> [EXERCISE INSTRUCTIONS] Please restate each line of the material word for word and omit any pictures.

> [MATERIAL PROVIDED]
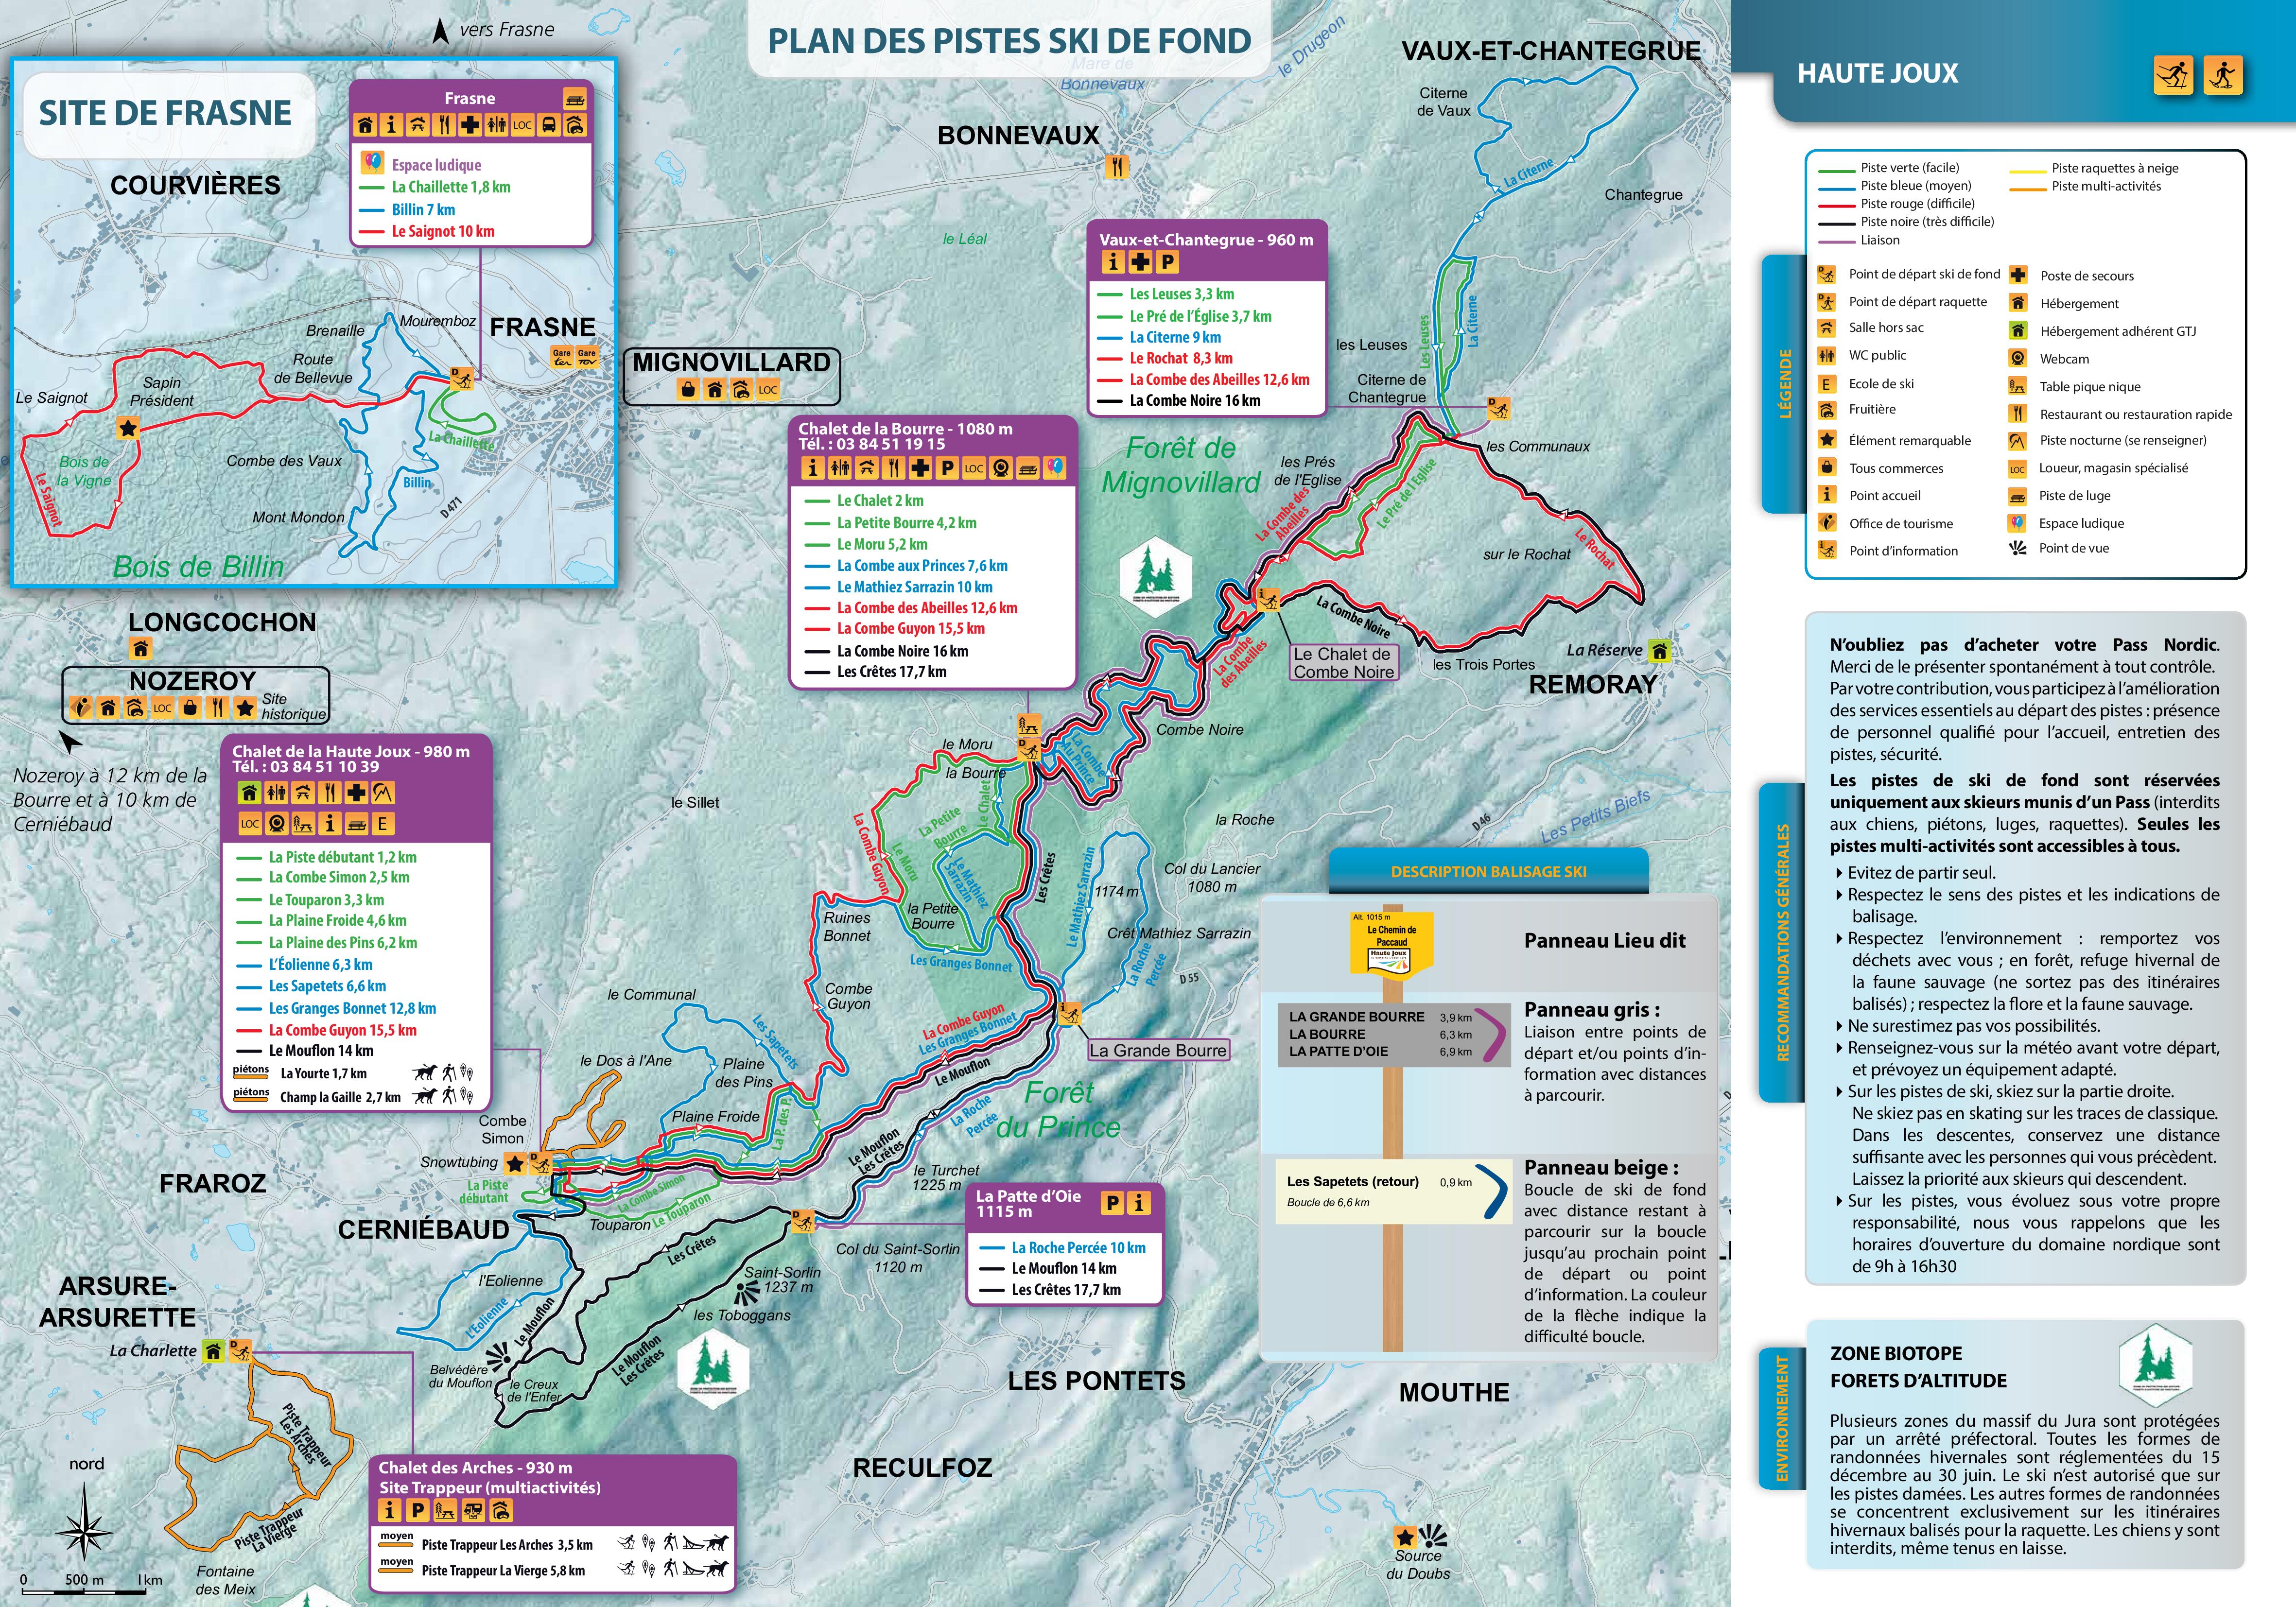 Plan des pistes ski de fond Haute Joux 
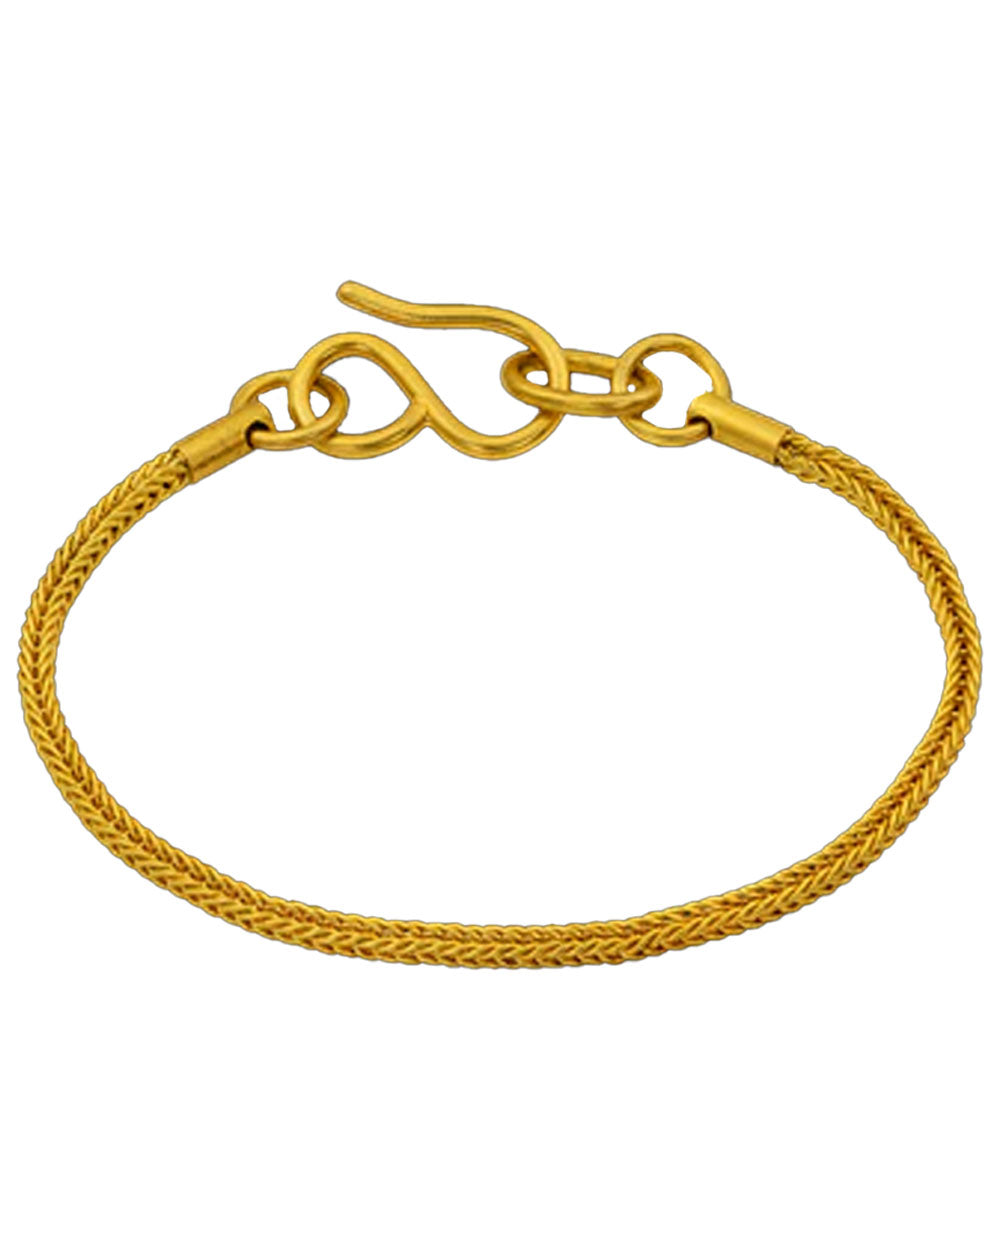 Handmade Woven Chain Bracelet
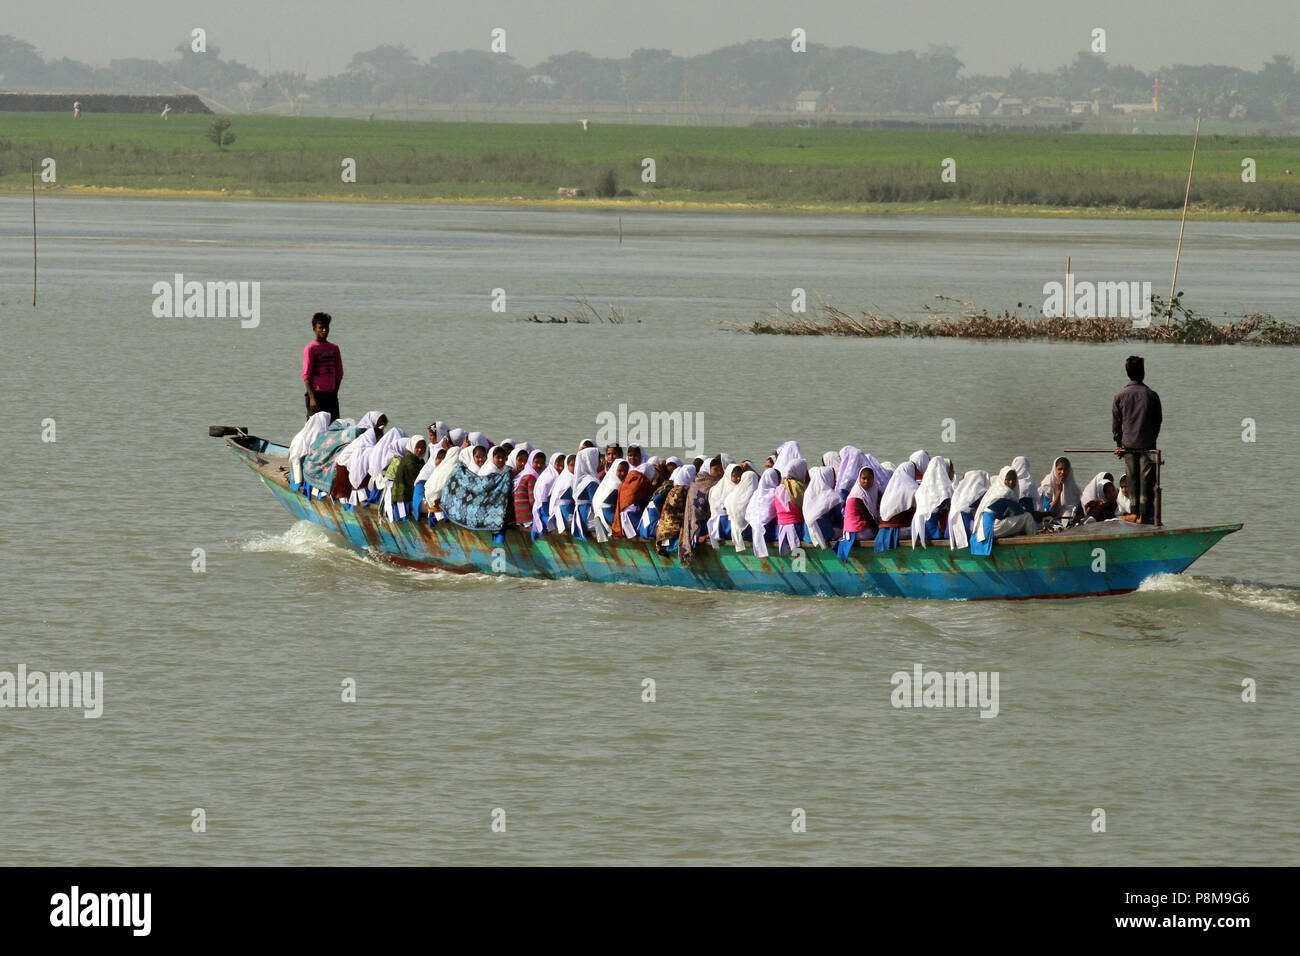 Shariyatpur, Bangladesh - 12 janvier 2015 : un bateau plein de personnes, essentiellement des étudiants, est réglé pour traverser la rivière Padma de zone Shariyatpur. Mettre thei Banque D'Images

> [YOUR RESPONSE]
 Plan des pistes ski de fond Haute Joux 
 Handmade Woven Chain Bracelet
 Shariyatpur, Bangladesh - 12 janvier 2015 : un bateau plein de personnes, essentiellement des étudiants, est réglé pour traverser la rivière Padma de zone Shariyatpur. Mettre thei Banque D'Images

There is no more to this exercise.